Lonjakan permintaan dolar tersebut memberi tekanan tambahan pada rupiah. Dalam situasi normal, efeknya mungkin terbatas. Namun, ketika sentimen pasar sudah negatif, dampaknya terasa lebih besar. Faktor musiman akhirnya mempercepat pelemahan nilai tukar.
5. Kebijakan suku bunga membatasi ruang stabilisasi

Bank Indonesia telah menurunkan suku bunga sejak 2024 untuk mendorong pertumbuhan ekonomi. Kebijakan ini membantu aktivitas ekonomi, tapi punya konsekuensi pada nilai tukar. Selisih imbal hasil dengan negara lain menjadi lebih sempit. Daya tarik aset rupiah pun berkurang.
Di sisi lain, pengetatan suku bunga berisiko menekan pertumbuhan. Bank sentral berada di posisi sulit dalam menentukan arah kebijakan. Menahan suku bunga dipilih untuk menjaga keseimbangan. Situasi ini menunjukkan keterbatasan ruang gerak dalam menjaga stabilitas rupiah.
6. Dampak pelemahan rupiah terhadap ekonomi

Hingga saat ini, pelemahan rupiah belum berdampak besar pada inflasi. Harga-harga masih berada dalam kisaran target bank sentral. Kondisi ini memberi sedikit ruang aman bagi daya beli masyarakat. Namun, risiko tetap ada jika pelemahan berlanjut.

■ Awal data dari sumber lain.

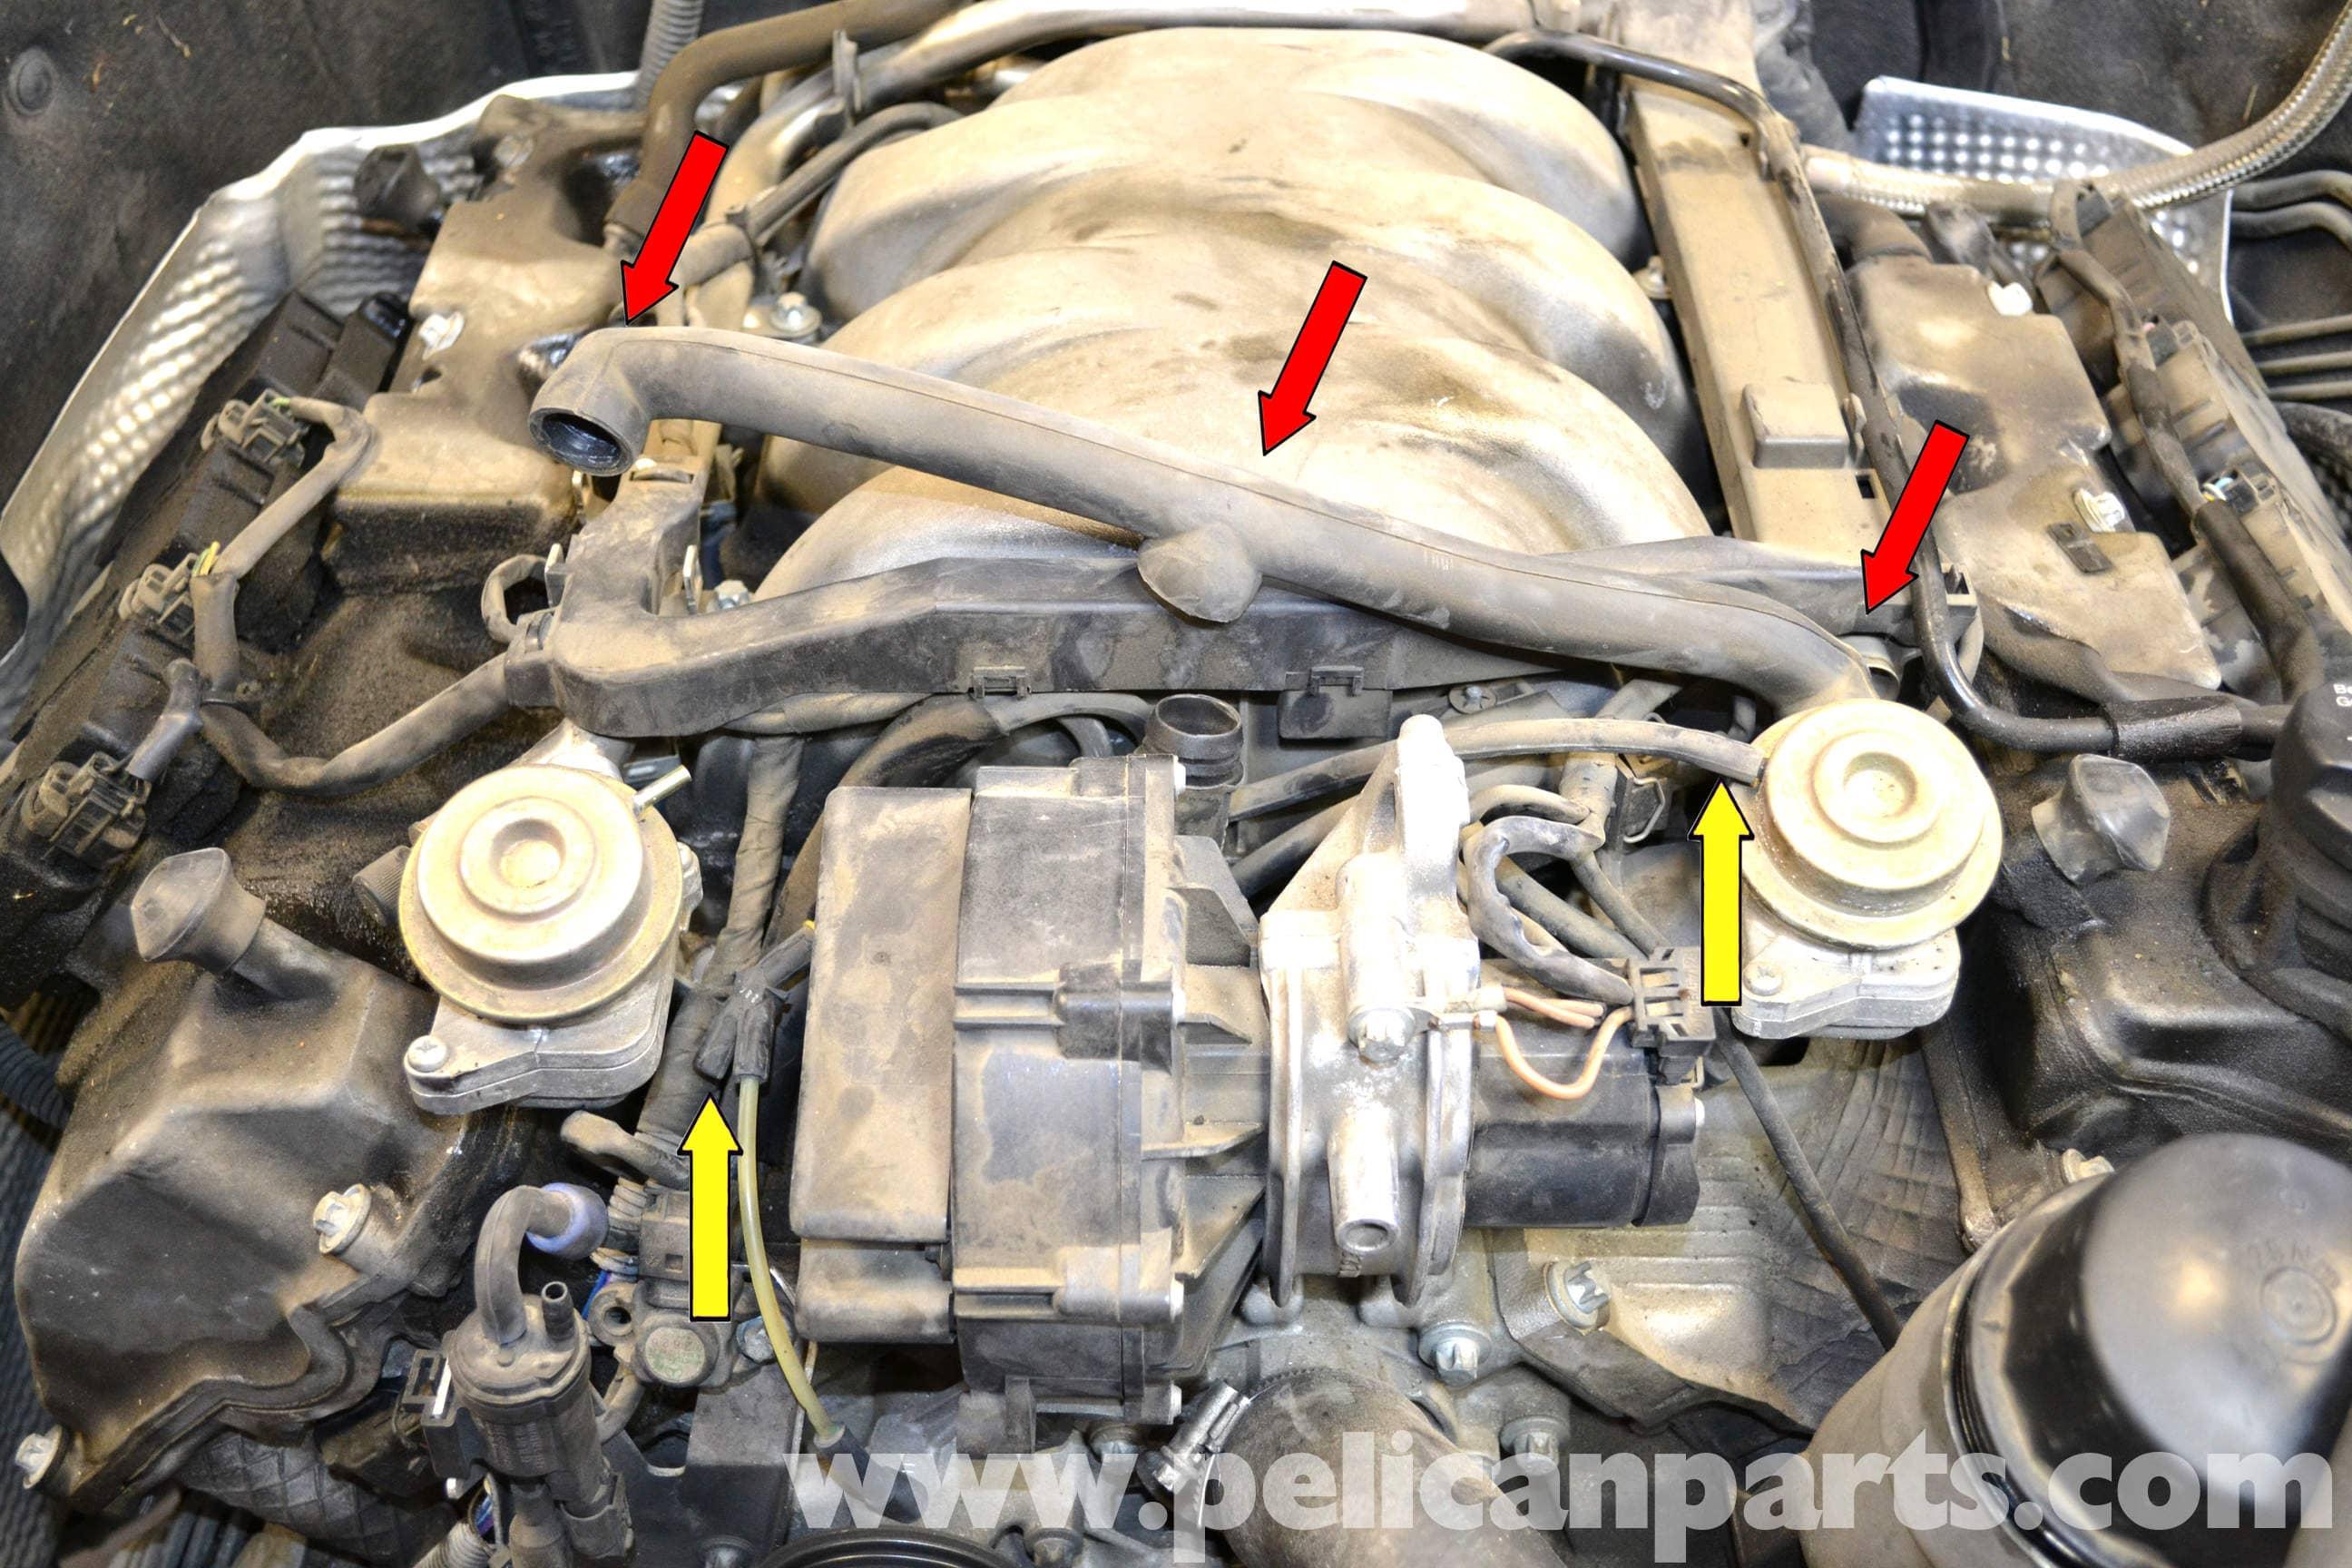 Mercedes-Benz C240 C280 Air Pump Check Valve Hose Check Valve to Check Valve

Sektor yang bergantung pada impor mulai menghadapi tekanan biaya. Industri farmasi, kosmetik, dan baja termasuk yang paling terdampak. Beban subsidi energi dan pembayaran utang luar negeri pemerintah juga berpotensi meningkat. Tekanan lanjutan bisa mempersempit ruang fiskal ke depan.
Pelemahan rupiah di tengah melemahnya dolar AS bukan terjadi tanpa alasan. Faktor domestik seperti defisit anggaran, isu kelembagaan, dan kebutuhan dolar musiman memegang peran besar.
Kondisi ini menegaskan bahwa nilai tukar bukan hanya ditentukan oleh arah mata uang global. Kepercayaan pasar terhadap stabilitas kebijakan dalam negeri menjadi kunci utama. Selama faktor-faktor tersebut belum sepenuhnya mereda, rupiah masih akan menghadapi tekanan.